Took it out yesterday, rinsed, soaked and patted dry. I ground  1 Tbsp Pickling Spice, 1 tsp Crushed Red Pepper Flakes, 1 tsp Thyme, 1 tsp garlic pwd, 1 tsp fennel seeds and 1 Tbsp turbinado sugar and applied this to the belly. Let it air dry for about 1 1/2 hrs. 

I put it in a cast iron pan and into a 500* oven for 30 minutes, then reduced the oven temperature to 200* and let it roast for another

2 1/2 - 3 hours. I should have only roasted about 2 hours as these really browned up alot.
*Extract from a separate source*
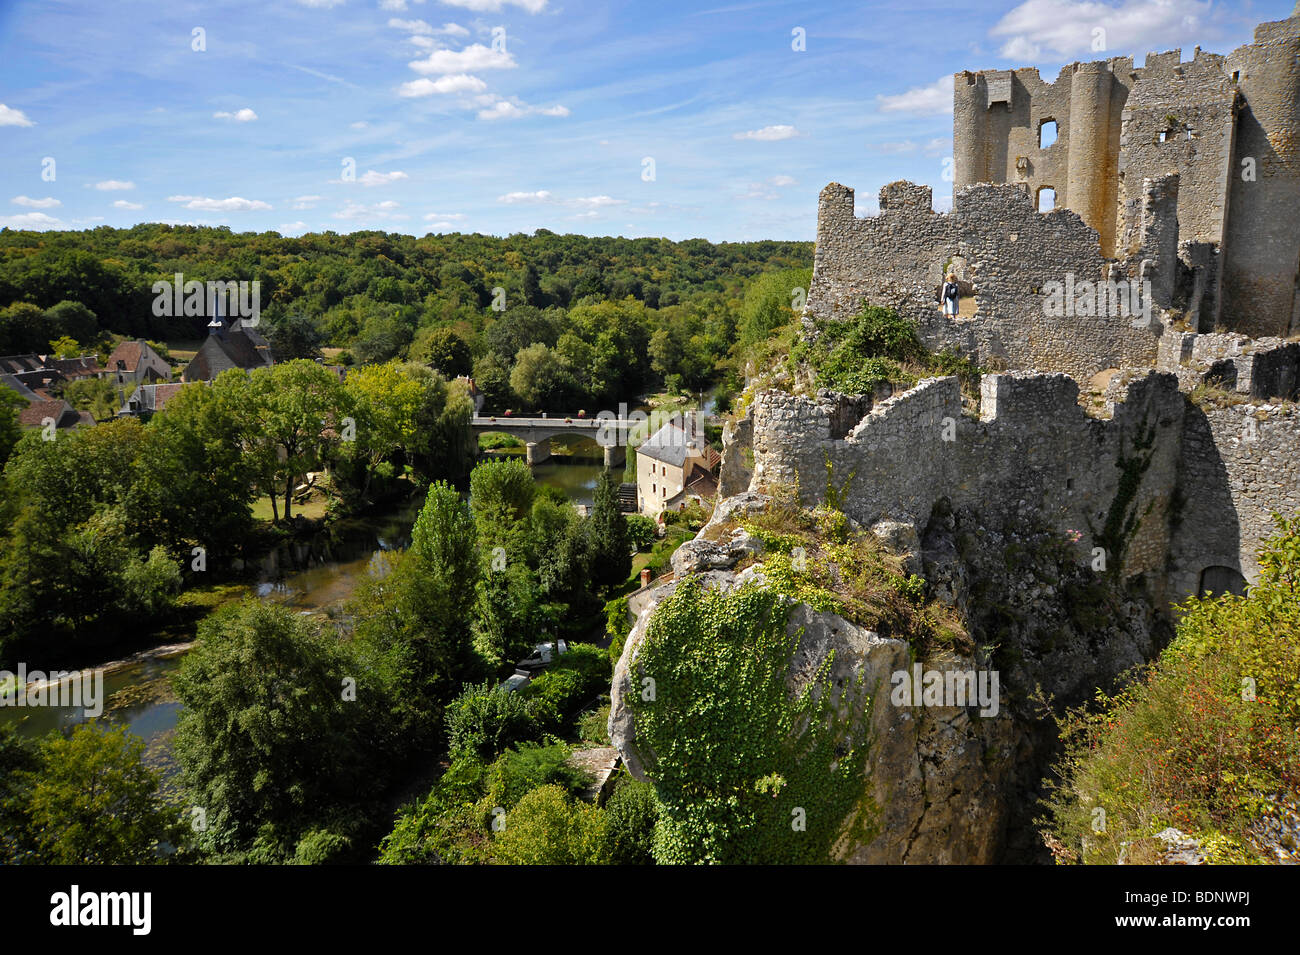 Old chateau ruins at the town of Angles sur l' Anglin, France Stock Photo

Let it cool and we tried it. I was pleasantly surprised at the flavor, it did taste like Corned Beef! BF couldn't stay out of it and now has all kinds of ideas for it's uses besides Pork Belly Reubens. I haven't made the Reubens yet and I'll probably have to make some more Corned Pork Belly before I get to make the sammies...

Finished 













DSC_0775.jpg



__ smokinhusker
__ Aug 1, 2012


















DSC_0776.jpg



__ smokinhusker
__ Aug 1, 2012






Thanks for looking!


----------



## diggingdogfarm (Aug 1, 2012)

Lookin' good!

FWIW, here's the video......

http://www.foodnetwork.com/videos/bunk-sandwiches-video/46829.html

~Martin


----------



## smokinhusker (Aug 1, 2012)

DiggingDogFarm said:


> Lookin' good!
> 
> FWIW, here's the video......
> 
> ...


Thanks Martin...I was going to post the video link and slipped my mind. Thanks for posting it!


----------



## scarbelly (Aug 1, 2012)

Looking good Alesia 

I wish we could get decent bellies here in this small town -


----------



## smokinhusker (Aug 1, 2012)

Scarbelly said:


> Looking good Alesia
> 
> I wish we could get decent bellies here in this small town -


Thanks Gary. I've only found these "pieces" at the Asian Market about 30 miles from us in Colorado Springs. I'm going to check Whole Foods and there's a little market to the west to see if I can order from them.


----------



## bigfish98 (Aug 1, 2012)

I wonder how this would work with pork shoulder......


----------



## chef jimmyj (Aug 2, 2012)

Sounds like a tasty way to do belly...JJ


----------



## smokinhusker (Aug 2, 2012)

It really is very good...


Chef JimmyJ said:


> Sounds like a tasty way to do belly...JJ


That I have no idea...might be more like corned ham


bigfish98 said:


> I wonder how this would work with pork shoulder......


----------



## chef jimmyj (Aug 2, 2012)

bigfish98 said:


> I wonder how this would work with pork shoulder......


 Here you go... http://www.smokingmeatforums.com/t/92982/corned-pork-and-pork-pastrami  Looks good to me...JJ


----------